Today, the Herk came back to pick up a few members of Camp Summit and drop off new folks. Among the members that left were Koni, Don and Jim, all my buddies. I didn't know how much their leaving would make me sad. They left at about 6:00 pm and I was really holding it together until I walked out to say goodbye and saw Jim trudging toward the plane. I just lost it. It wasn't that I wanted to leave, it was just that Don and Jim made me laugh because they were like an old married couple arguing about silly things. I would just laugh every time I was with them. Then, of course, Koni left too. He is the reason why I'm in Greenland in the first place. He allowed me to integrate well into his team. Now it will be just Nick and I. Nick didn't wait too long to rearrange our weather port to his liking. Koni had no t even boarded the plane when Nick retrieved a table that Don and Jim were using and brought it to our humble abode. Just like in the Wizard of Oz, people drop in and out with very little notice. The next time the Herk arrives, all, we scientists, will be leaving this winter, white wonderland.

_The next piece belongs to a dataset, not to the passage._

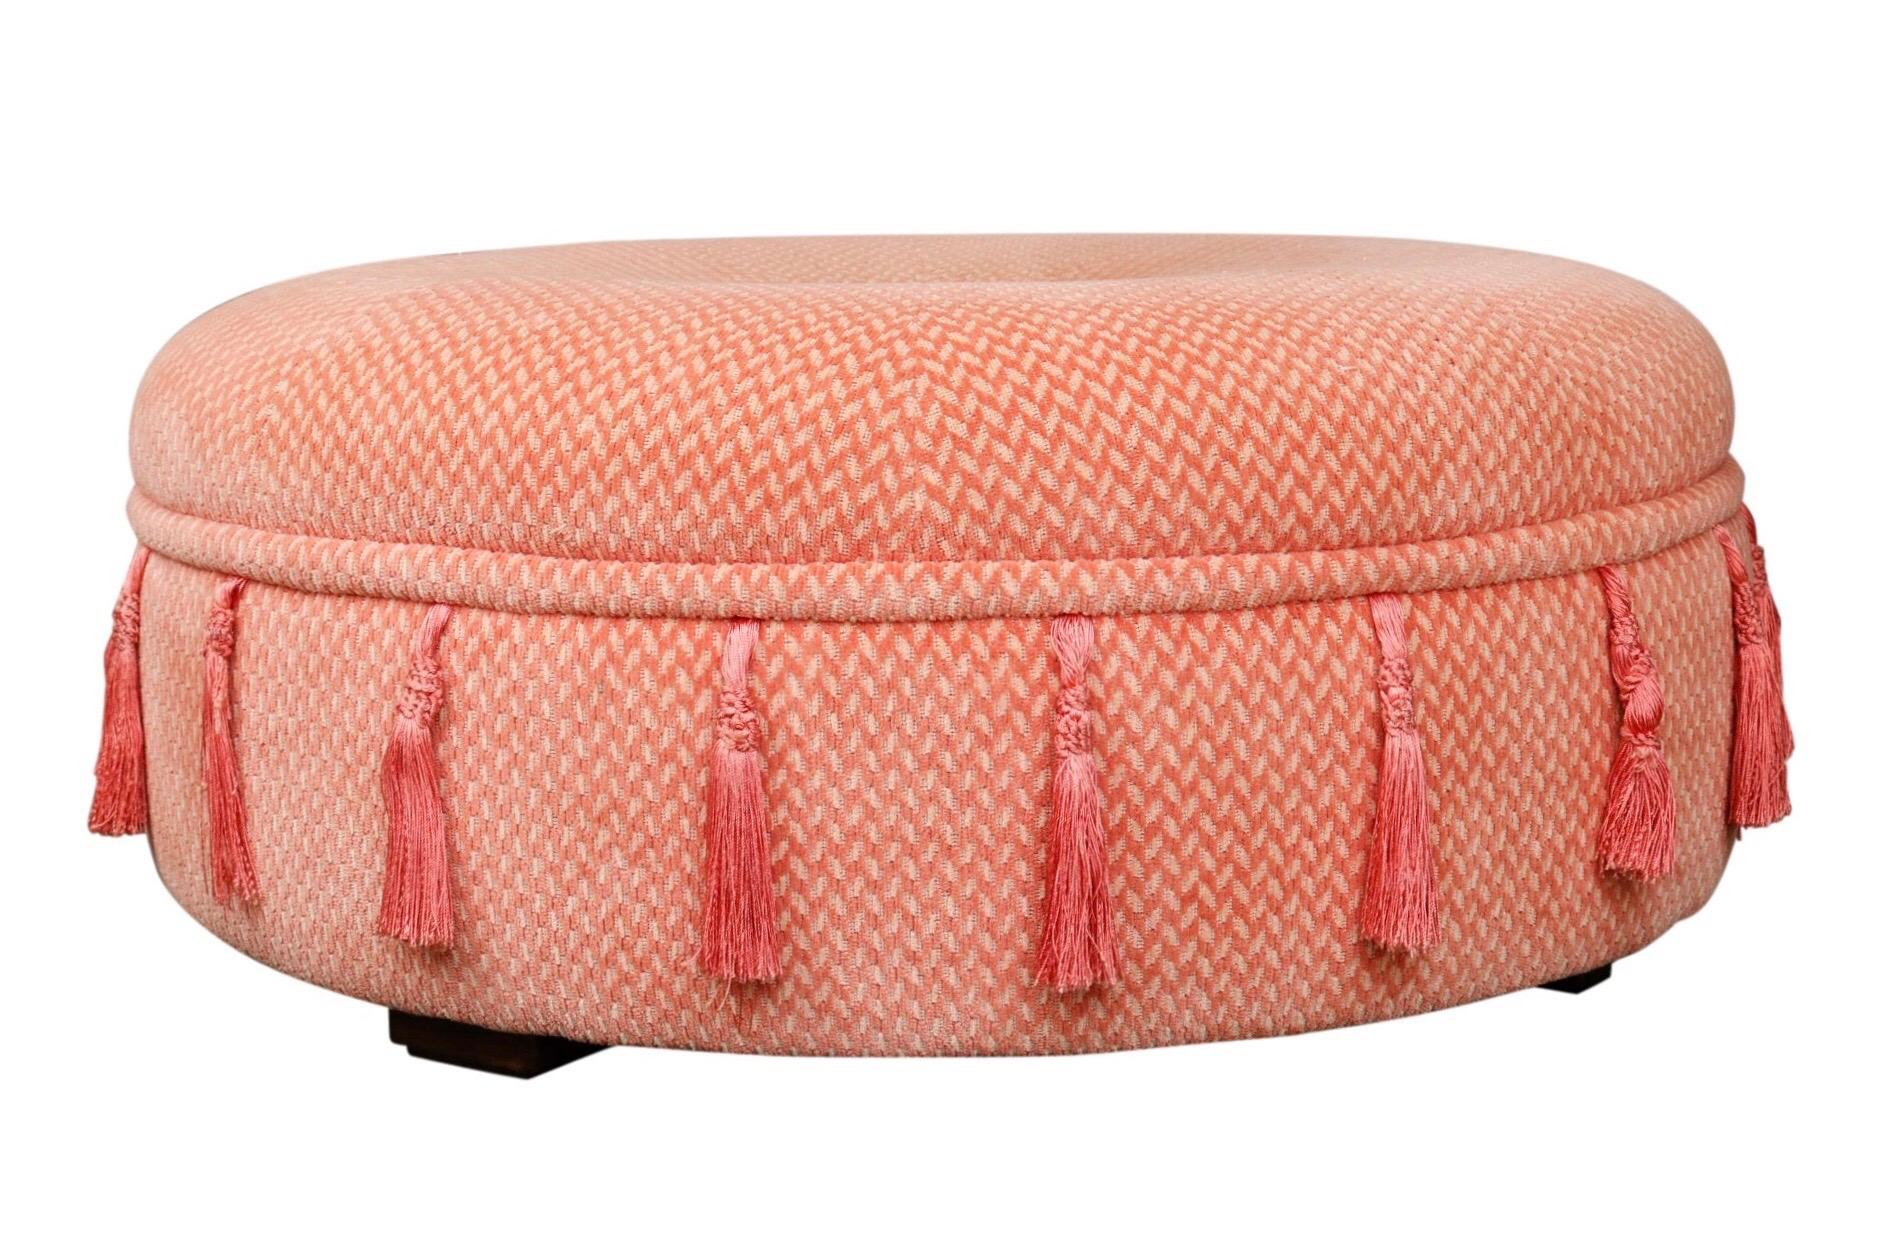 A large round coffee table ottoman. Upholstered in a salmon pink basket weave with a button at the center and trimmed with tassels around the circumference. Stands on four square wooden legs.

Along with the new arrivals came more Swiss fellows. There is now a total of 5 researchers. Their purpose for this trip is to construct a 50 meter (over 150 foot) tower that will survey the atmosphere in 8 different heights. They are good friends of Koni. I will be working with them when I can. They speak a multitude of languages so I will be able to communicate with them.

So, what am I to do now? Good question because I was asking it too. My job will be to continue my weather observation and correlate these finding with the radiation data that Koni is collecting. I have my rime experiment too. I will assist Nick in his data analysis. Also , I will have the opportunity to work with other scientists on a more regular basis. Today, I worked with Ted Shultz (from Mary Albert's group-CRREL) and Aaron Swanson (University of California-Irvine) conducting a diffusivity study. After we get results from this study, Aaron will use the site for a study he is conducting looking at organic compound diffusion through the snow.

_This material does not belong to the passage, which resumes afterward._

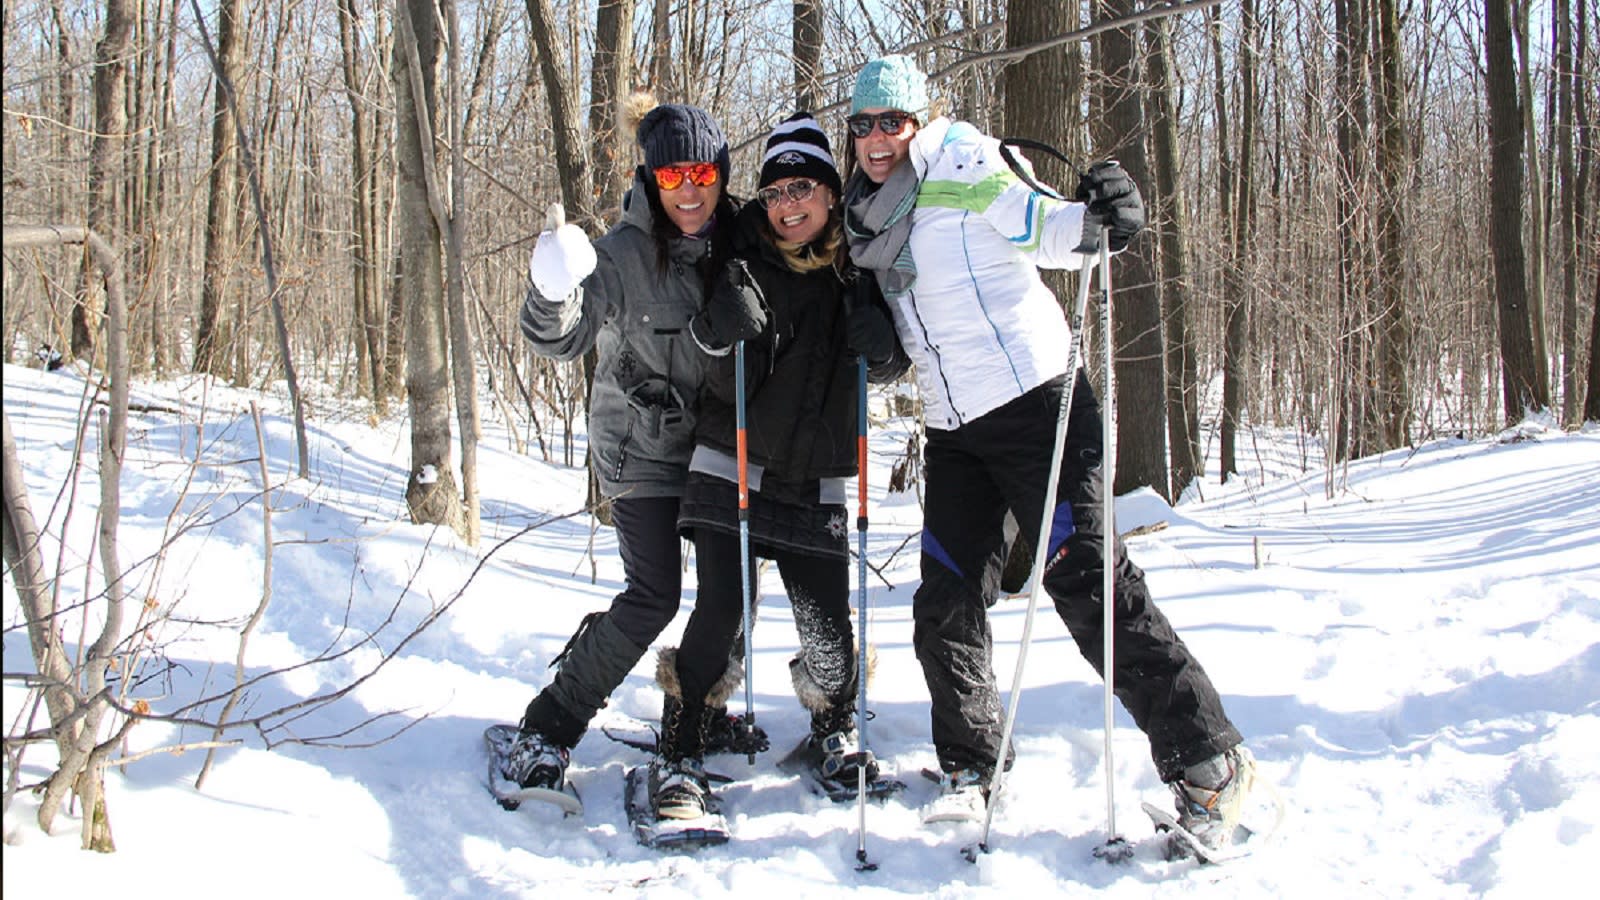 Snowshoeing in the Laurel Highlands can be fun and great excercise

I wrote about diffusivity a few days ago. Basically, we inject a gas , SF56, into the snow and watch how long it takes for the gas to move through the snow. There are two probes that take measurements approximately 14 cm and 24 cm away from the probe that injects the gas. After extracting the gas from the snow, we can test the amount of SF6 present in the snow. This will tell us how fast the gas travels through the snow. Although SF6 is not usually present in the atmosphere, it is a tracer gas used to determine the movement through the snow. Other organic compounds such as toxic hydrocarbons, Nox, and ozone, may follow a similar flow rate through the snow. This is one study t hat is very important to the scientists here. We conducted two 3 hour experiments throughout the day. It was the analysis that took a long time. But after a long day of research, it is always nice to finish the day in the sauna. You can now guess where I spend some of my time.